Results: NB cells were transfected with pre-pro-trypsin AnV-FLAG construct. Western blot analysis was used to quantify AnV production in supernatants and identify NB clones that secreted AnV (AnV-NB). Clones that proliferated in vitro at the same rate as wild type (wt) NB cells were selected. Supernatants from AnV-NB cells blocked PS on the surface of wt NB cells preventing staining with FITC-conjugated recombinant AnV. The findings suggest that secreted AnV blocked PS. The wt and AnV-NB cells were then injected subcutaneously into A/J mice. Tumor homogenates showed continuous AnV expression in vivo. In immunocompetent mice, wt tumors grew faster than AnV-NB cells.

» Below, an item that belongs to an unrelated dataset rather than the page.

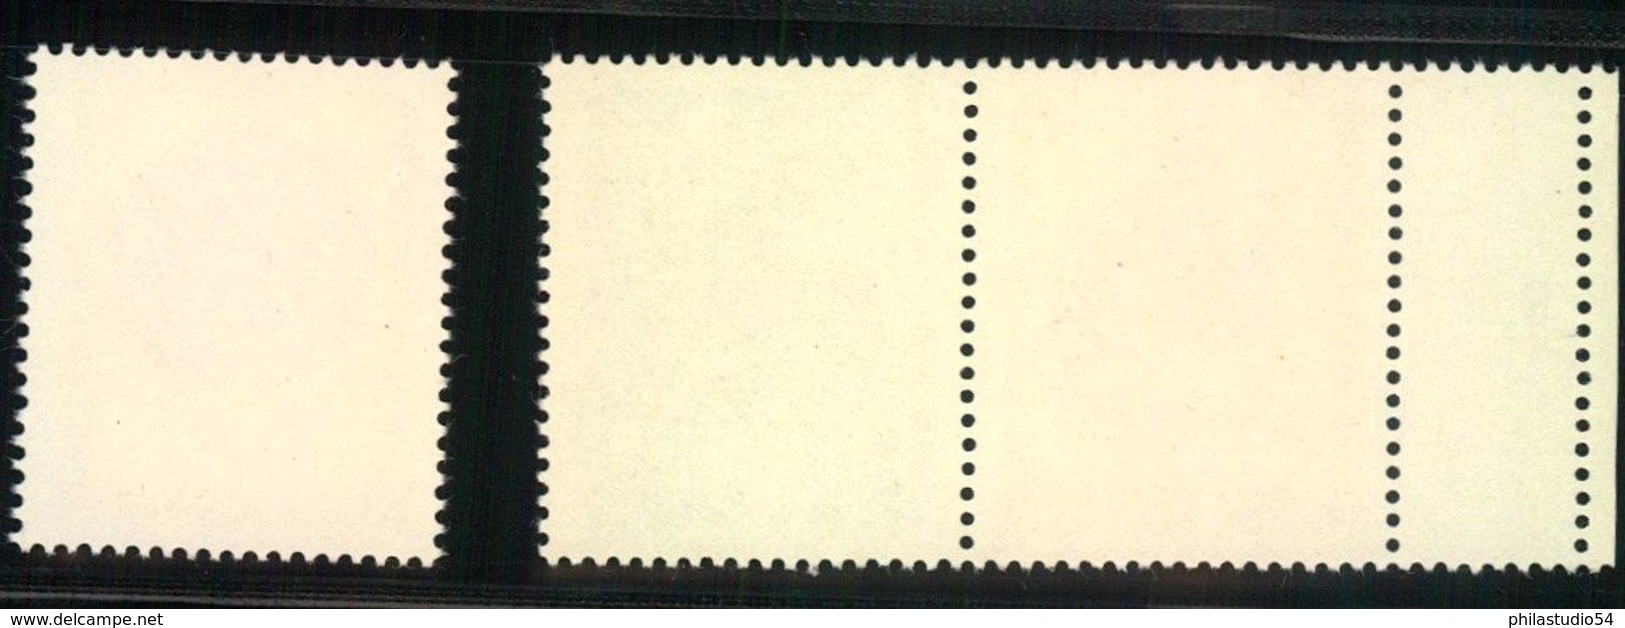 1969, Lausitzer Volkskunst, Zdr 10 Und 50 Pfg. Postfrisch Mit Leefeld Links Und 20 Pfg.Einzelmarke - Ungebraucht

In mice depleted of T cells with anti-Thy1.2, no difference in growth rate between wt and AnV-NB tumors was noted. Mice were then immunized two times, 7 days apart, with AnV-NB or control cells. 7 days later mice were injected subcutaneously with 105 wt NB cells. Immunization with An-NB, but not control cells, protected mice from wt NB challenge.

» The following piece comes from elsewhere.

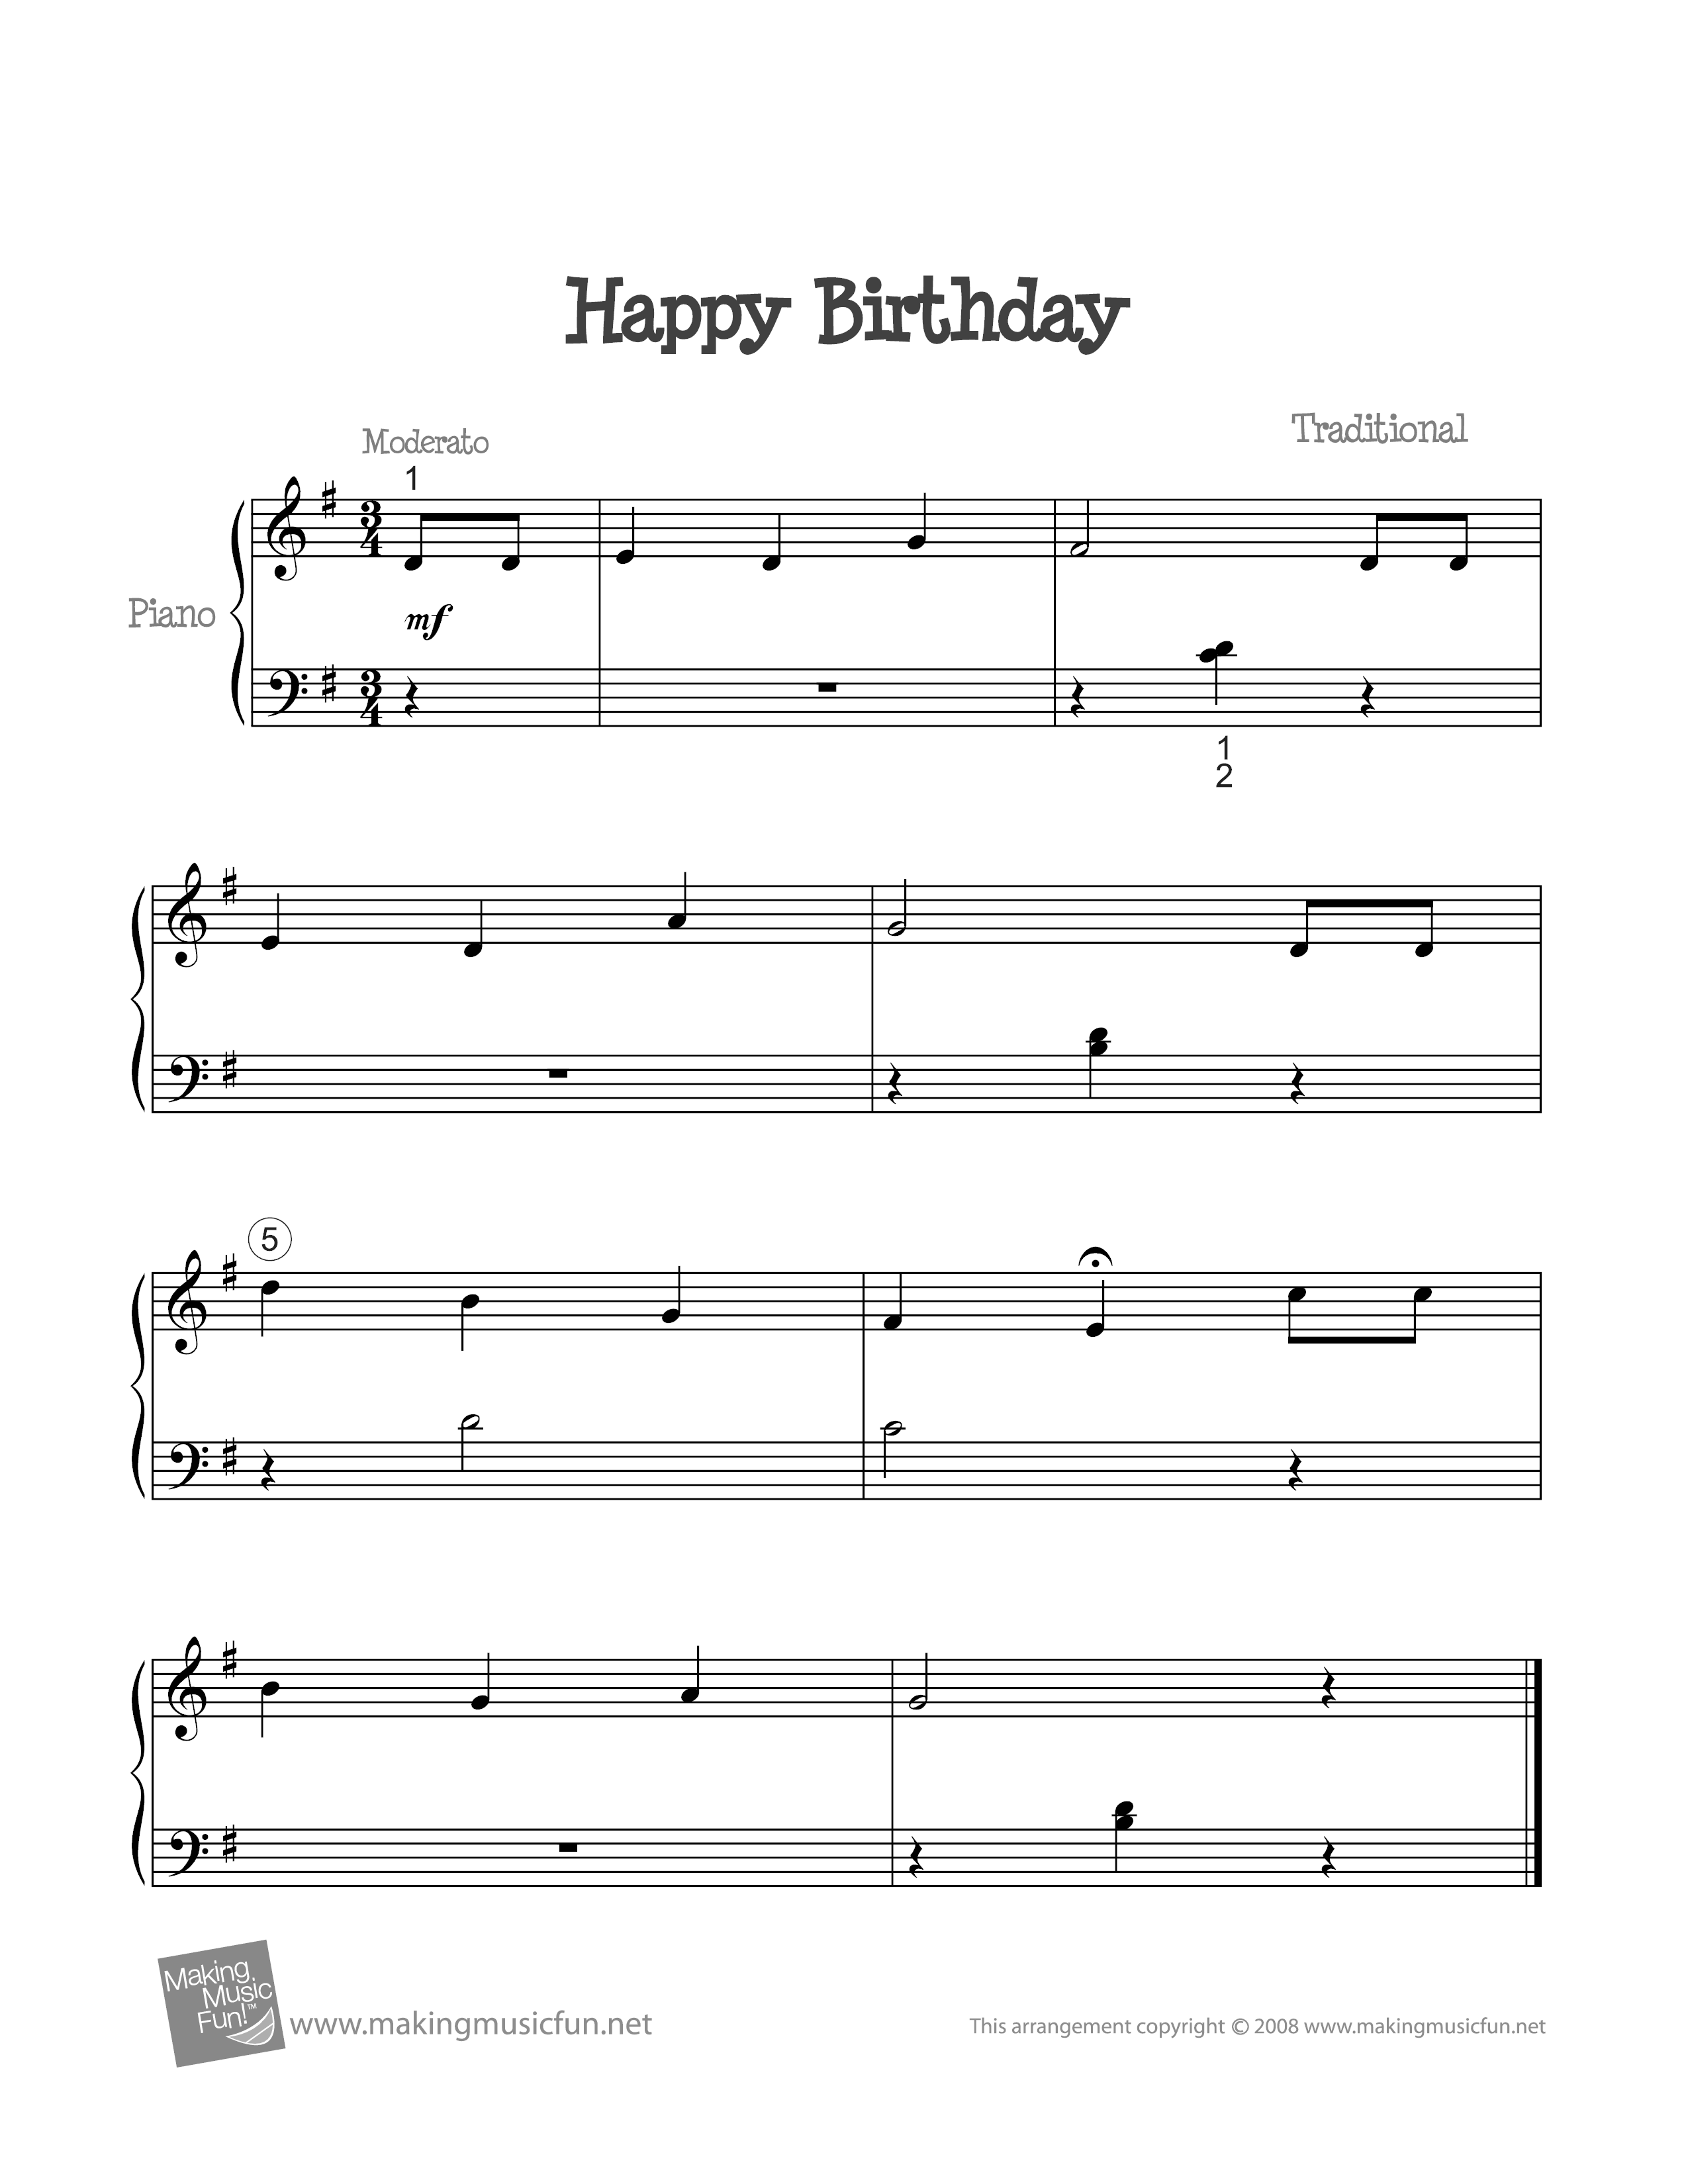 Happy Birthday Piano Sheet Music Pdf : Happy Birthday Variations In G

Conclusions: The study demonstrated that mouse NB cells express PS on the cell surface. Blocking PS in vivo by engineering NB cells to secrete AnV slowed tumor growth in immunocompetent but not T cell depleted mice. Importantly, immunization with AnV-NB cells was protective. The findings suggest that PS inhibited anti-tumor T cell immunity in mice. The mechanism of PS action may be indirect inhibition of anti-tumor CTL responses, or activation of regulatory T cells. The studies support the hypothesis that PS expression is a potential mechanism for tumor immune evasion.